I hate to tweet miserable tweets like as if my life is so sad. So I decided to blog it all out so I'll feel better tomorrow. My mood can't go down, because once it does, all the bad things will come towards me, and I have to take them all by myself.
Because I hate to explain. I don't want to let people know why I'm not happy.
Sometimes I'm really offended by the jokes my friends joked about. But I know they're joking so I can't say anything because it was meant to be JUST a joke. I don't want to tell them because I don't want them to feel that I'm too sensitive, I don't want to tell them because I don't want them to feel sorry about it, I don't want to tell them because I KNOW they didn't mean to say it to offend me.

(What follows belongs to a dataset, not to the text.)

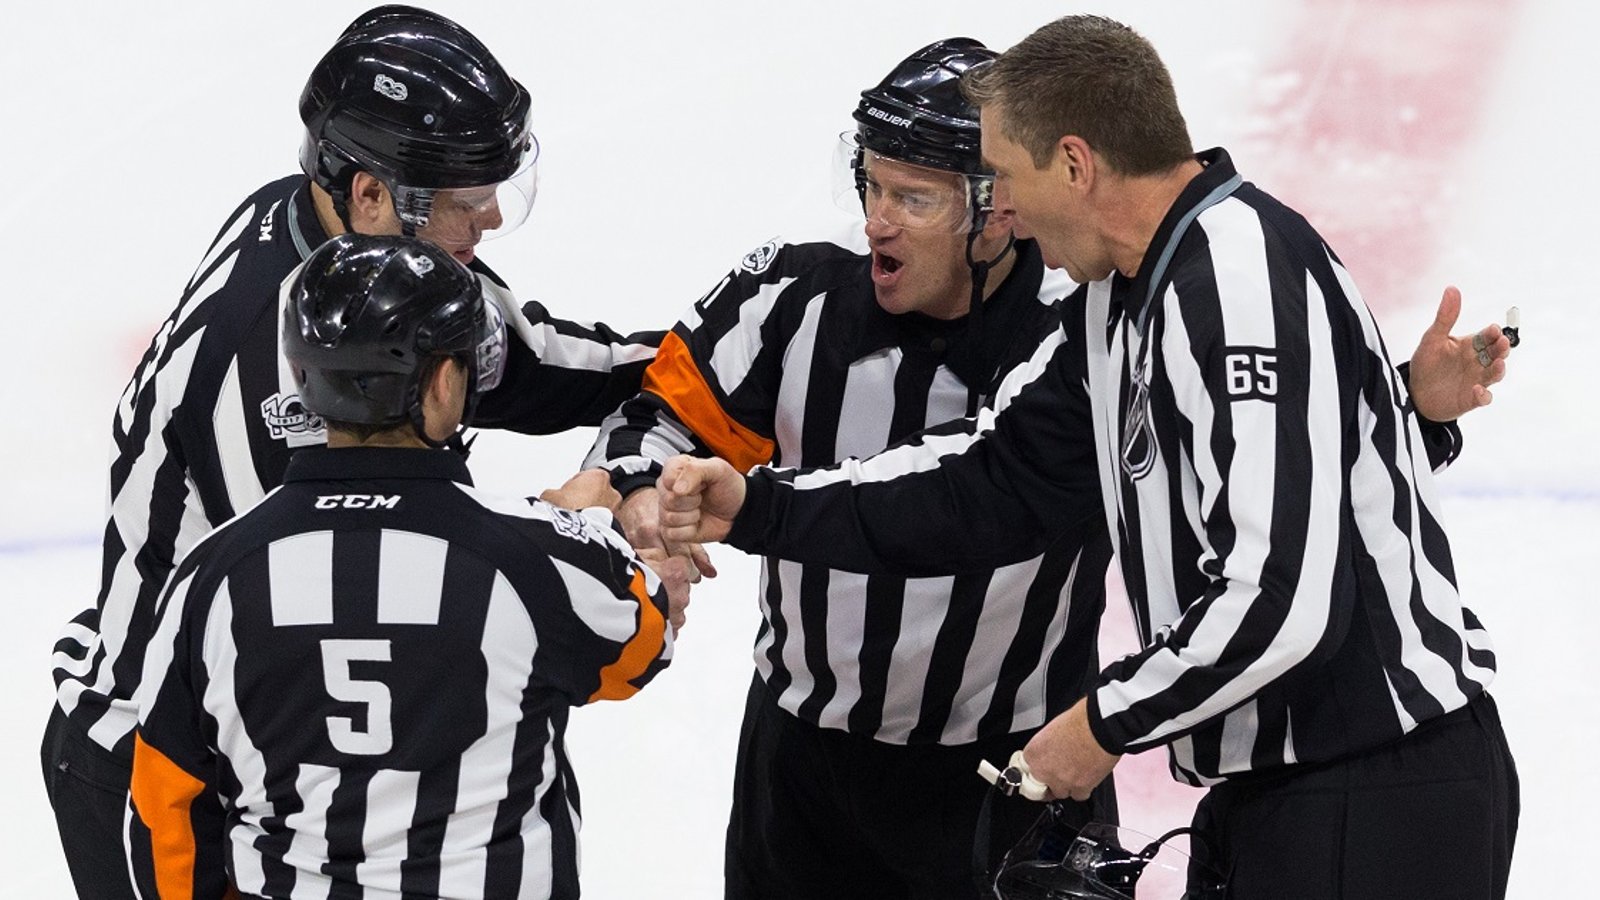 Breaking: NHL officially announces a new penalty for this upcoming season.

Guys or girlfriends. They joke/ask about my teeth, I know it's not meant to be offensive so I just laugh it off and answer their questions, but I think they need to know that there's some knives behind those words. Also because I've said all they need to know about my teeth so many times. It somehow became a horror to even talk about it again. They don't understand how it feels to have crooked teeth. They don't understand how much people with crooked teeth suffered in the past. They don't know how much courage we need to build up bit by bit all by OURSELVES in order to survive with such teeth. Today, when I was brushing my teeth, it aches a little, it's not toothache kinda ache, it just aches. Don't say I'm crazy but I'm thinking to my teeth "don't worry, no matter how much people hate you, insult you, joke about you, or how much judgments I get, I won't move you and will still love you". And it magically stops aching, and till now it still didn't ache.

Just when I woke up today, I receive a fucked up (not sad but fucked up) news from my mom. Only thing I can say is that I hope my grandad will stay strong for this 2 weeks, I know he will, he's strong enough to handle tortures shits.

I'm fine, I will be by tomorrow.

People who found out about me not long ago, I'm sorry for being so negative. 
It only happens once in a blue moon!